- REQUIRED WORK
A verbatim copy of the data below is the required output.

Records from a collection:
________

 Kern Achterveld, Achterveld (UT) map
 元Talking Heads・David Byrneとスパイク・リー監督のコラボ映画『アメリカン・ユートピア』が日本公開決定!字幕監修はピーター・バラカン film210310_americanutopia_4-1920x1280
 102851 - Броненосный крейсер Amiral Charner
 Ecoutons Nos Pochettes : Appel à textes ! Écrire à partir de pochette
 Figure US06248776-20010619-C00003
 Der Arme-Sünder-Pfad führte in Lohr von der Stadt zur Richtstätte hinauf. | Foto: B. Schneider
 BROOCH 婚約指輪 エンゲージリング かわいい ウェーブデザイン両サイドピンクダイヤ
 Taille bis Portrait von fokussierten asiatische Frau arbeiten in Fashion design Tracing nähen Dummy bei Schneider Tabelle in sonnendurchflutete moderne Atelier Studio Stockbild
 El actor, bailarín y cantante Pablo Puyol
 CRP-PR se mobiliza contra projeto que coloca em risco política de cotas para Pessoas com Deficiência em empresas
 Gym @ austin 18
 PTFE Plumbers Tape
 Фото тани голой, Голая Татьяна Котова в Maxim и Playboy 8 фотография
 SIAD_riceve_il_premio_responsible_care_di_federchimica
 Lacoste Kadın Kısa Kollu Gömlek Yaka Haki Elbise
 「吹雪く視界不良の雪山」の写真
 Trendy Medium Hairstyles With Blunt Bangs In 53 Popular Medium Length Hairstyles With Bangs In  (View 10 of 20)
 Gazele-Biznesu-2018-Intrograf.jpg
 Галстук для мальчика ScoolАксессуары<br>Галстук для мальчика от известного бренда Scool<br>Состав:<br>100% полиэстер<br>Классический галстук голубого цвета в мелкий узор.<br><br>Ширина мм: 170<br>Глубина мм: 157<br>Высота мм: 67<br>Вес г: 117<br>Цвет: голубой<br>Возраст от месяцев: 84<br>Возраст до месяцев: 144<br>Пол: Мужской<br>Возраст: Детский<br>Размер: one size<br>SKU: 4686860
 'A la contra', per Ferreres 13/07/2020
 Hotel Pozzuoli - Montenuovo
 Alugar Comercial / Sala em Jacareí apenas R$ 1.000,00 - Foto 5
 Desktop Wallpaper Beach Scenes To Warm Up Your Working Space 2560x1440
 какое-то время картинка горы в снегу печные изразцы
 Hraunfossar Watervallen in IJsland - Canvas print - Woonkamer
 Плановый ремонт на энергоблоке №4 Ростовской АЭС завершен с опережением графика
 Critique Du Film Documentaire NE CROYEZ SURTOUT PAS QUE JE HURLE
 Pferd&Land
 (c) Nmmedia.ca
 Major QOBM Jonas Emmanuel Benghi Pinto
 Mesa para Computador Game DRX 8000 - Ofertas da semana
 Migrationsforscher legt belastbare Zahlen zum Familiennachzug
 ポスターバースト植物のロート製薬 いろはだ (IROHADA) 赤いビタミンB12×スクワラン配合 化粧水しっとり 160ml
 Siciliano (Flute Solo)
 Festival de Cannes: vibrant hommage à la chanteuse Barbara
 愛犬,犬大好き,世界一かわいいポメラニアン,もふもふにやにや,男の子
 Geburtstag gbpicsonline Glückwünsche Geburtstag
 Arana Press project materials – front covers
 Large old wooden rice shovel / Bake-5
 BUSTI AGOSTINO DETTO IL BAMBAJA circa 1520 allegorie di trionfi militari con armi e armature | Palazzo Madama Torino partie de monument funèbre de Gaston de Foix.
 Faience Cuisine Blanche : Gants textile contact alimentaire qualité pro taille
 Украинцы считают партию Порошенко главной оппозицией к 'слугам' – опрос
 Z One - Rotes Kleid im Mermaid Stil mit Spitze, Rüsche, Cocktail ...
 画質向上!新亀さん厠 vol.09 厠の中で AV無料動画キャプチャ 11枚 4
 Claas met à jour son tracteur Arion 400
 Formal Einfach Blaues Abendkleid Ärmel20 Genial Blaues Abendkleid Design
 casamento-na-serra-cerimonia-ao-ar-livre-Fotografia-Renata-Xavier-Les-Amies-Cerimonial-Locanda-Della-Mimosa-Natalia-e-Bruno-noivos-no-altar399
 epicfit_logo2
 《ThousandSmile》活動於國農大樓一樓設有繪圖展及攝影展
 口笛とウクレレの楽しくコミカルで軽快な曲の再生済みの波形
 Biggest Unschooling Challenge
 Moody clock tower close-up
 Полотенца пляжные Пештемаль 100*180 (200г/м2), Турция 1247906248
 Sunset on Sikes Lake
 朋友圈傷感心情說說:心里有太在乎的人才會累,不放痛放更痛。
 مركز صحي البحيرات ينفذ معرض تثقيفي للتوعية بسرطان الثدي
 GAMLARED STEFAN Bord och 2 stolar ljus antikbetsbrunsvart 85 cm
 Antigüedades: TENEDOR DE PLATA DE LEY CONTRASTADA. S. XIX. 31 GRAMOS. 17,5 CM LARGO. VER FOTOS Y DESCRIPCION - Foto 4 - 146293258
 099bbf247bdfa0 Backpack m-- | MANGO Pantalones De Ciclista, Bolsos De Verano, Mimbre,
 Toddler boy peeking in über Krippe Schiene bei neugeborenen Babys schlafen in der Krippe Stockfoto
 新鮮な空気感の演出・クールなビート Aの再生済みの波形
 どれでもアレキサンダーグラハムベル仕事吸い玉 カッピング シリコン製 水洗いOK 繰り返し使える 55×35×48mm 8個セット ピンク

________

- YOUR RESPONSE
 Kern Achterveld, Achterveld (UT) map
 元Talking Heads・David Byrneとスパイク・リー監督のコラボ映画『アメリカン・ユートピア』が日本公開決定!字幕監修はピーター・バラカン film210310_americanutopia_4-1920x1280
 102851 - Броненосный крейсер Amiral Charner
 Ecoutons Nos Pochettes : Appel à textes ! Écrire à partir de pochette
 Figure US06248776-20010619-C00003
 Der Arme-Sünder-Pfad führte in Lohr von der Stadt zur Richtstätte hinauf. | Foto: B. Schneider
 BROOCH 婚約指輪 エンゲージリング かわいい ウェーブデザイン両サイドピンクダイヤ
 Taille bis Portrait von fokussierten asiatische Frau arbeiten in Fashion design Tracing nähen Dummy bei Schneider Tabelle in sonnendurchflutete moderne Atelier Studio Stockbild
 El actor, bailarín y cantante Pablo Puyol
 CRP-PR se mobiliza contra projeto que coloca em risco política de cotas para Pessoas com Deficiência em empresas
 Gym @ austin 18
 PTFE Plumbers Tape
 Фото тани голой, Голая Татьяна Котова в Maxim и Playboy 8 фотография
 SIAD_riceve_il_premio_responsible_care_di_federchimica
 Lacoste Kadın Kısa Kollu Gömlek Yaka Haki Elbise
 「吹雪く視界不良の雪山」の写真
 Trendy Medium Hairstyles With Blunt Bangs In 53 Popular Medium Length Hairstyles With Bangs In  (View 10 of 20)
 Gazele-Biznesu-2018-Intrograf.jpg
 Галстук для мальчика ScoolАксессуары<br>Галстук для мальчика от известного бренда Scool<br>Состав:<br>100% полиэстер<br>Классический галстук голубого цвета в мелкий узор.<br><br>Ширина мм: 170<br>Глубина мм: 157<br>Высота мм: 67<br>Вес г: 117<br>Цвет: голубой<br>Возраст от месяцев: 84<br>Возраст до месяцев: 144<br>Пол: Мужской<br>Возраст: Детский<br>Размер: one size<br>SKU: 4686860
 'A la contra', per Ferreres 13/07/2020
 Hotel Pozzuoli - Montenuovo
 Alugar Comercial / Sala em Jacareí apenas R$ 1.000,00 - Foto 5
 Desktop Wallpaper Beach Scenes To Warm Up Your Working Space 2560x1440
 какое-то время картинка горы в снегу печные изразцы
 Hraunfossar Watervallen in IJsland - Canvas print - Woonkamer
 Плановый ремонт на энергоблоке №4 Ростовской АЭС завершен с опережением графика
 Critique Du Film Documentaire NE CROYEZ SURTOUT PAS QUE JE HURLE
 Pferd&Land
 (c) Nmmedia.ca
 Major QOBM Jonas Emmanuel Benghi Pinto
 Mesa para Computador Game DRX 8000 - Ofertas da semana
 Migrationsforscher legt belastbare Zahlen zum Familiennachzug
 ポスターバースト植物のロート製薬 いろはだ (IROHADA) 赤いビタミンB12×スクワラン配合 化粧水しっとり 160ml
 Siciliano (Flute Solo)
 Festival de Cannes: vibrant hommage à la chanteuse Barbara
 愛犬,犬大好き,世界一かわいいポメラニアン,もふもふにやにや,男の子
 Geburtstag gbpicsonline Glückwünsche Geburtstag
 Arana Press project materials – front covers
 Large old wooden rice shovel / Bake-5
 BUSTI AGOSTINO DETTO IL BAMBAJA circa 1520 allegorie di trionfi militari con armi e armature | Palazzo Madama Torino partie de monument funèbre de Gaston de Foix.
 Faience Cuisine Blanche : Gants textile contact alimentaire qualité pro taille
 Украинцы считают партию Порошенко главной оппозицией к 'слугам' – опрос
 Z One - Rotes Kleid im Mermaid Stil mit Spitze, Rüsche, Cocktail ...
 画質向上!新亀さん厠 vol.09 厠の中で AV無料動画キャプチャ 11枚 4
 Claas met à jour son tracteur Arion 400
 Formal Einfach Blaues Abendkleid Ärmel20 Genial Blaues Abendkleid Design
 casamento-na-serra-cerimonia-ao-ar-livre-Fotografia-Renata-Xavier-Les-Amies-Cerimonial-Locanda-Della-Mimosa-Natalia-e-Bruno-noivos-no-altar399
 epicfit_logo2
 《ThousandSmile》活動於國農大樓一樓設有繪圖展及攝影展
 口笛とウクレレの楽しくコミカルで軽快な曲の再生済みの波形
 Biggest Unschooling Challenge
 Moody clock tower close-up
 Полотенца пляжные Пештемаль 100*180 (200г/м2), Турция 1247906248
 Sunset on Sikes Lake
 朋友圈傷感心情說說:心里有太在乎的人才會累,不放痛放更痛。
 مركز صحي البحيرات ينفذ معرض تثقيفي للتوعية بسرطان الثدي
 GAMLARED STEFAN Bord och 2 stolar ljus antikbetsbrunsvart 85 cm
 Antigüedades: TENEDOR DE PLATA DE LEY CONTRASTADA. S. XIX. 31 GRAMOS. 17,5 CM LARGO. VER FOTOS Y DESCRIPCION - Foto 4 - 146293258
 099bbf247bdfa0 Backpack m-- | MANGO Pantalones De Ciclista, Bolsos De Verano, Mimbre,
 Toddler boy peeking in über Krippe Schiene bei neugeborenen Babys schlafen in der Krippe Stockfoto
 新鮮な空気感の演出・クールなビート Aの再生済みの波形
 どれでもアレキサンダーグラハムベル仕事吸い玉 カッピング シリコン製 水洗いOK 繰り返し使える 55×35×48mm 8個セット ピンク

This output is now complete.